Peru, Chile, Panama and Brazil seem best positioned to ride out the economic storm, analysts said.
Countries led by free-spending populist leaders could face a particularly difficult 2009.
Ecuador has defaulted on a portion of its foreign debt and seems to be turning inward.
Venezuela failed to diversify its oil-dependent economy and is facing a sharp slowdown from the global oil bust while experiencing Latin America's highest inflation rate, 30 percent.
Argentina is suffering from plummeting soybean prices, double-digit inflation and a scarcity of foreign investment.

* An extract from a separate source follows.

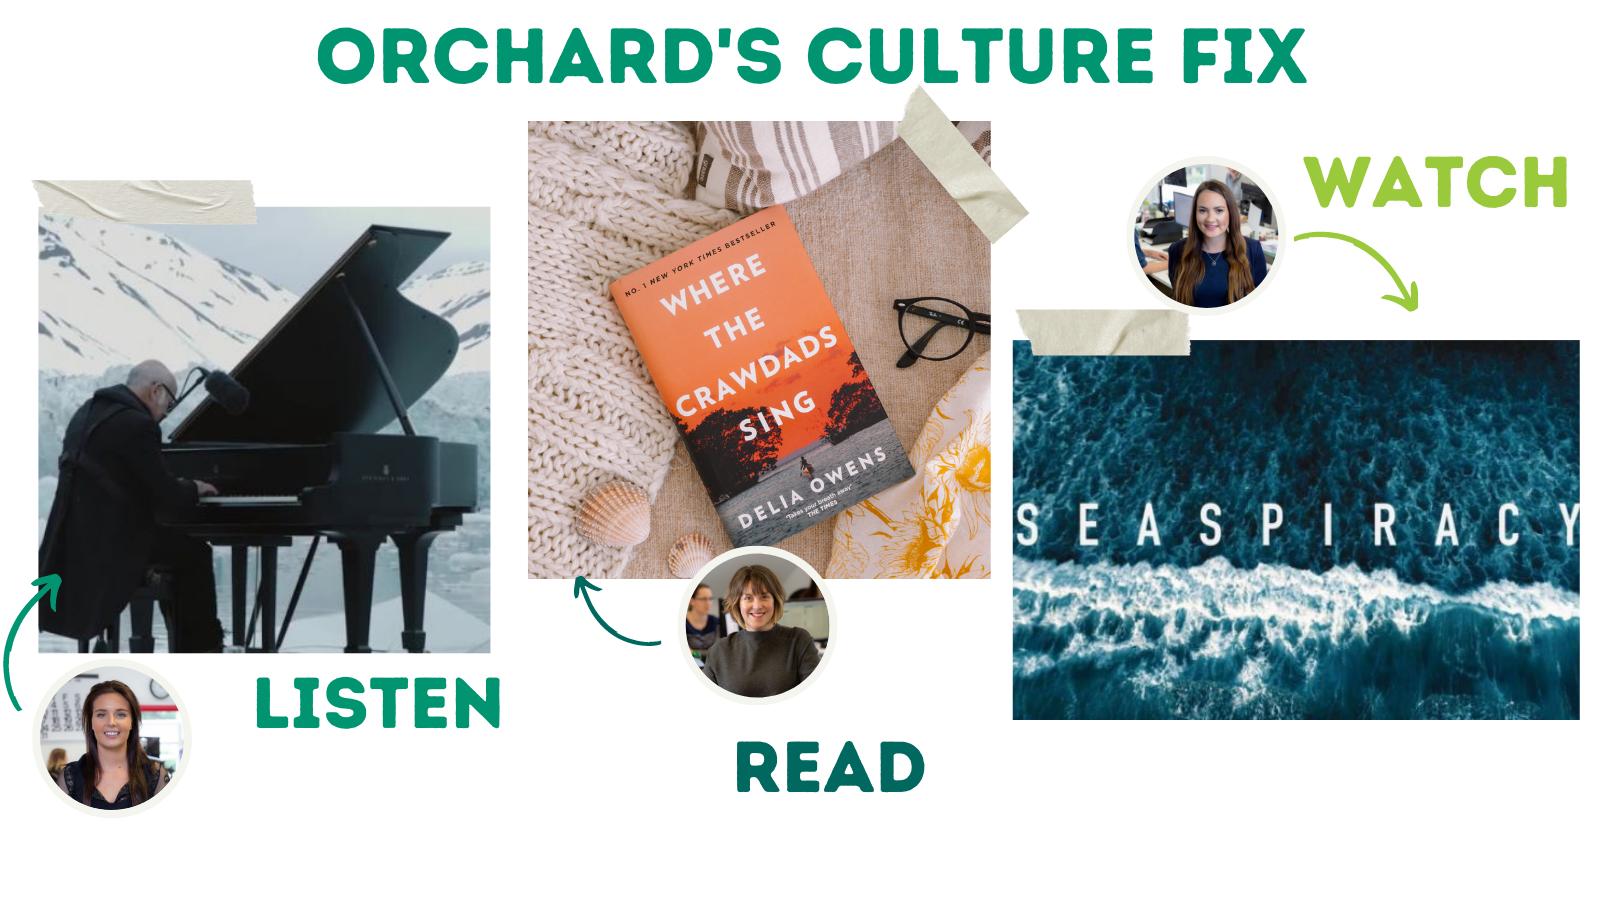 Orchard's culture fix #4
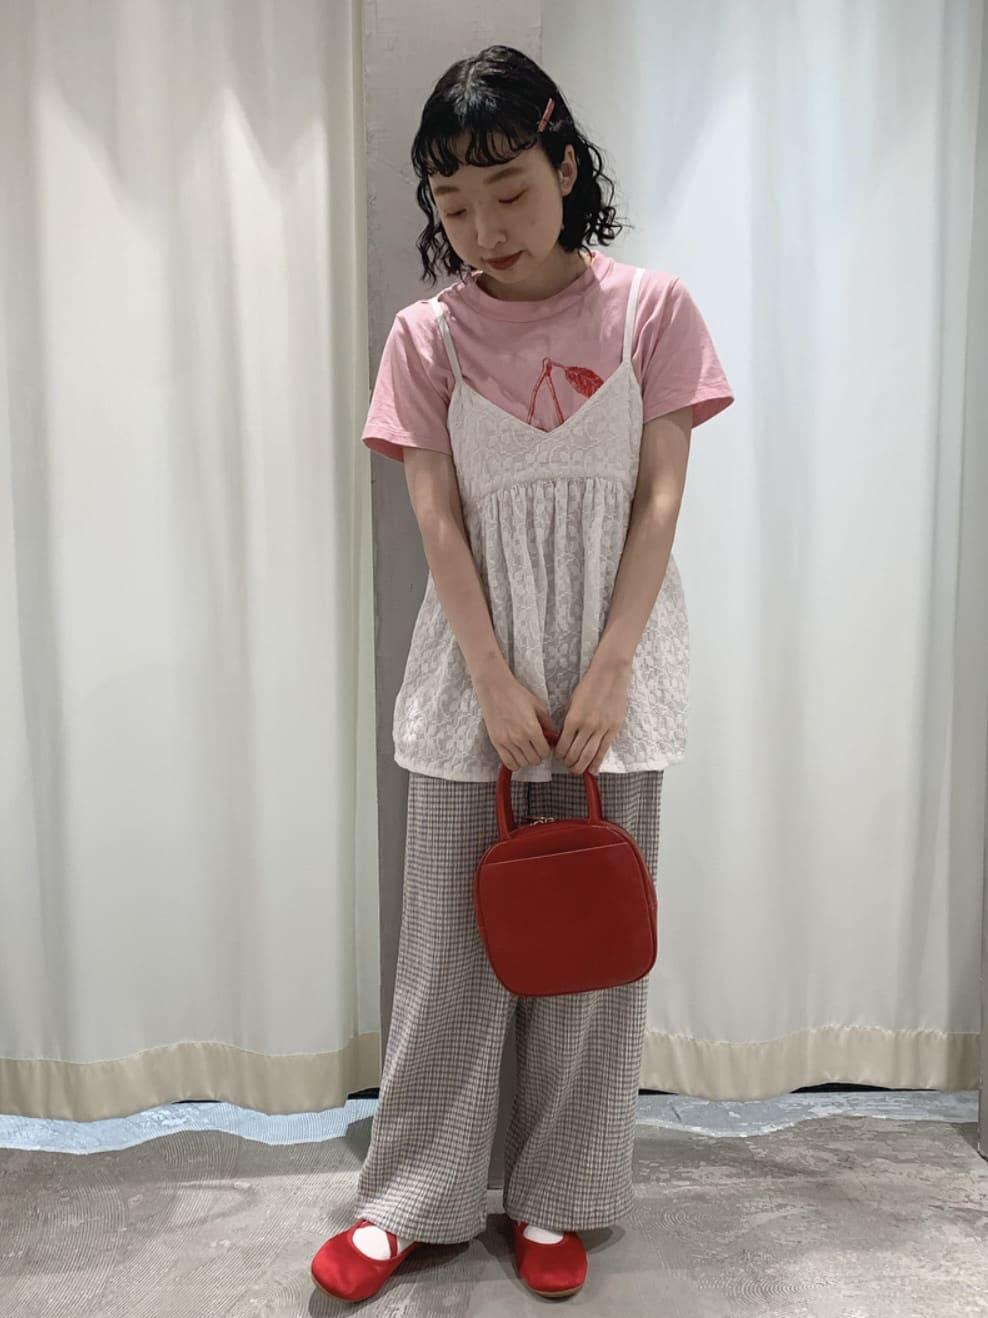 - CHILD WOMAN CHILD WOMAN , PAR ICI ルミネ横浜 身長:157cm 2021.08.13

Mexico and the Central American countries are facing an especially bleak 2009 because their economies are tied so directly to the US, whose economy is expected to contract in 2009.
Latin America grew by 4.6 percent in 2008 and 5.8 percent in 2007, the agency reports.
"One by one, the motors of growth are disappearing," Alicia Barcena, the agency's executive secretary, said in a December presentation in Santiago, where he ticked off a decline in those economic drivers: export growth, remittances, commodity prices and foreign investment.
In Brazil, the world's 10th biggest economy, sales of new cars, apartments and home appliances plummeted in October and haven't recovered.
Brazilian mining and metals firm Companhia Vale do Rio Doce, facing a sharp drop in demand for steel worldwide, already has laid off 1,000 workers in Brazil and announced a worldwide reduction of 30 million tons of iron ore production.